You will then need to update the generation_epoch and n_samples parameters in submit.py:

submit.py >
        # define dataset-specific parameters
        self.params = {
            "atom_types"     : ["C", "N", "O", "S", "Cl"],
            "formal_charge"  : [-1, 0, +1],
            "max_n_nodes"    : 13,
            "job_type"       : self.job_type,
            "dataset_dir"    : f"{self.data_path}{self.dataset}/",
            "restart"        : self.restart,
            "sample_every"   : 50,
            "init_lr"        : 1e-4,
            "epochs"         : 1000,
            "batch_size"     : 50,
            "block_size"     : 1000,
            "device"         : "cuda",
            "n_samples"      : 100,
            # additional paramaters can be defined here, if different from the "defaults"
            # for instance, for "generate" jobs, don't forget to specify "generation_epoch"
            # and "n_samples"
            "generation_epoch": 400,  # <-- which model epoch to use
            "n_samples": 30000,       # <-- how many structures to generate
        }
}

The generation_epoch should correspond to the saved model state that you want to use for generation. In the example above, the parameters specify that the model saved at Epoch 400 should be used to generate 30,000 molecules. All other parameters should be kept the same (if they are related to training, such as epochs or init_lr, they will be ignored during generation jobs).

Structures will be generated in batches of size batch_size. If you encounter memory problems during generation jobs, reducing the batch size should once again solve them. Generated structures, along with their corresponding metadata, will be written to the generation/ directory within the existing job directory. These files are:

  • epochGEN{generation_epoch}_{batch}.smi, containing molecules generated at the epoch specified
  • epochGEN{generation_epoch}_{batch}.nll, containing their respective NLLs
  • epochGEN{generation_epoch}_{batch}.valid, containing their respective validity (0: invalid, 1: valid)

Additionally, the generation.log file will be updated with the various evaluation metrics for the generated structures.

If you've followed the tutorial up to here, it means you can successfully create new molecules using a trained GGNN-based model.

(Optional) Postprocessing

To make things more convenient for any subsequent analyses, you can concatenate all structures generated in different batches into one file using:

for i in epochGEN{generation_epoch}_*.smi; do cat $i >> epochGEN{generation_epoch}.smi; done

Above, {generation_epoch} should be replaced with a number corresponding to a valid epoch. You can do similar things for the NLL and validity files, as the rows in those files correspond to the rows in the SMILES files.
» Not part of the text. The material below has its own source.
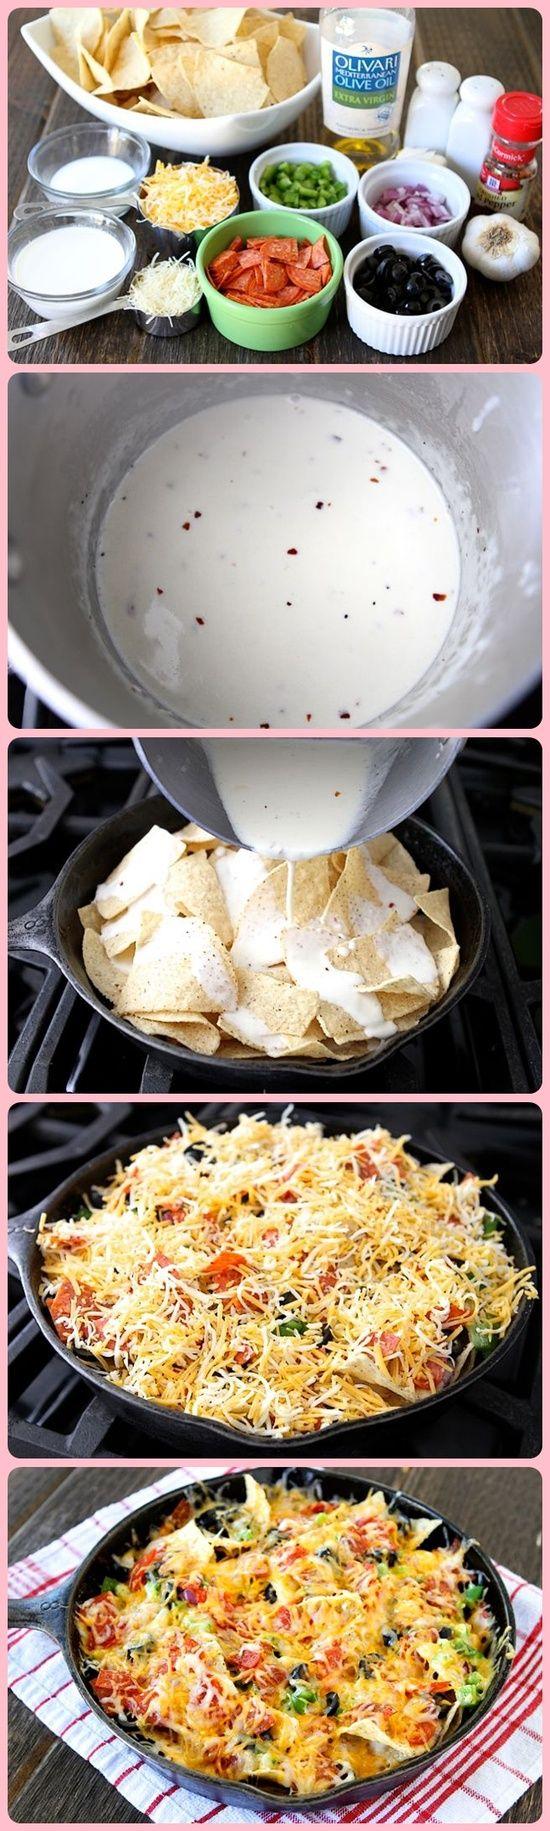 Cast iron nachos - these look so good!!!

Note that "Xe" and empty graphs may appear in the generated structures, even if the models are well-trained, as there is always a small probability of sampling invalid actions. If you do not want to include invalid entries in your analysis, these can be filtered out by typing:

sed -i "/Xe/d" path/to/file.smi          # remove "Xe" placeholders from file
sed -i "/^ [0-9]\+$/d" path/to/file.smi  # remove empty graphs from file

See 3_visualizing_molecules for examples on how to draw grids of molecules.

Summary

Now you know how to train models and generate structures using the example dataset. However, the example dataset structures are not drug-like, and are therefore not the most interesting to study for drug discovery applications. To learn how to train GraphINVENT models on custom datasets, see 2_using_a_new_dataset.